SUPPLIED RECORDS:
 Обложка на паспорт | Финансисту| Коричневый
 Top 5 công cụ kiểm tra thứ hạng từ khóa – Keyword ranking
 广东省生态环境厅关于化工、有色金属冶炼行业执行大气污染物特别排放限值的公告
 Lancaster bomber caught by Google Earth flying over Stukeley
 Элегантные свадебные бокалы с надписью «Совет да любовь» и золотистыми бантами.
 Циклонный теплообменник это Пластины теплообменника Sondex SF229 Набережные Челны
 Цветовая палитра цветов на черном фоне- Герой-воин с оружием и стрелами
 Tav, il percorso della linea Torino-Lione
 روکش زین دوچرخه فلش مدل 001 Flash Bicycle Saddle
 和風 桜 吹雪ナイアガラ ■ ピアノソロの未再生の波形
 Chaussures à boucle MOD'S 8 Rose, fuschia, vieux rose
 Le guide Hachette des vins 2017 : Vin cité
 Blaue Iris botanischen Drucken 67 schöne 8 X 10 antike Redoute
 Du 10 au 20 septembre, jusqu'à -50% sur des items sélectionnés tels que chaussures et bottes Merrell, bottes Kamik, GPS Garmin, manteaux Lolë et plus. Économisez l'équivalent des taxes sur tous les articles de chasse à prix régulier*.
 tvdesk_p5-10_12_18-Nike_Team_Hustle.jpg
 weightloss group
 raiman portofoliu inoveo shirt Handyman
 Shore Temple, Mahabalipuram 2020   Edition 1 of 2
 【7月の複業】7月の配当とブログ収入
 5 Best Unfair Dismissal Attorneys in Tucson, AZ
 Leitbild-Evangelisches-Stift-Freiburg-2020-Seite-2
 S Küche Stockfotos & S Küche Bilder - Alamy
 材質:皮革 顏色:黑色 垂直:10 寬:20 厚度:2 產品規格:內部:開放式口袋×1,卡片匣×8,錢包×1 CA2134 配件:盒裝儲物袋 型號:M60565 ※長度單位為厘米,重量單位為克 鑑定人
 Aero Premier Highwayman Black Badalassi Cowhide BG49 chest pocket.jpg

EXERCISE INSTRUCTIONS: Would you please print every record exactly as written?

SOLUTION TO THIS TASK:
 Обложка на паспорт | Финансисту| Коричневый
 Top 5 công cụ kiểm tra thứ hạng từ khóa – Keyword ranking
 广东省生态环境厅关于化工、有色金属冶炼行业执行大气污染物特别排放限值的公告
 Lancaster bomber caught by Google Earth flying over Stukeley
 Элегантные свадебные бокалы с надписью «Совет да любовь» и золотистыми бантами.
 Циклонный теплообменник это Пластины теплообменника Sondex SF229 Набережные Челны
 Цветовая палитра цветов на черном фоне- Герой-воин с оружием и стрелами
 Tav, il percorso della linea Torino-Lione
 روکش زین دوچرخه فلش مدل 001 Flash Bicycle Saddle
 和風 桜 吹雪ナイアガラ ■ ピアノソロの未再生の波形
 Chaussures à boucle MOD'S 8 Rose, fuschia, vieux rose
 Le guide Hachette des vins 2017 : Vin cité
 Blaue Iris botanischen Drucken 67 schöne 8 X 10 antike Redoute
 Du 10 au 20 septembre, jusqu'à -50% sur des items sélectionnés tels que chaussures et bottes Merrell, bottes Kamik, GPS Garmin, manteaux Lolë et plus. Économisez l'équivalent des taxes sur tous les articles de chasse à prix régulier*.
 tvdesk_p5-10_12_18-Nike_Team_Hustle.jpg
 weightloss group
 raiman portofoliu inoveo shirt Handyman
 Shore Temple, Mahabalipuram 2020   Edition 1 of 2
 【7月の複業】7月の配当とブログ収入
 5 Best Unfair Dismissal Attorneys in Tucson, AZ
 Leitbild-Evangelisches-Stift-Freiburg-2020-Seite-2
 S Küche Stockfotos & S Küche Bilder - Alamy
 材質:皮革 顏色:黑色 垂直:10 寬:20 厚度:2 產品規格:內部:開放式口袋×1,卡片匣×8,錢包×1 CA2134 配件:盒裝儲物袋 型號:M60565 ※長度單位為厘米,重量單位為克 鑑定人
 Aero Premier Highwayman Black Badalassi Cowhide BG49 chest pocket.jpg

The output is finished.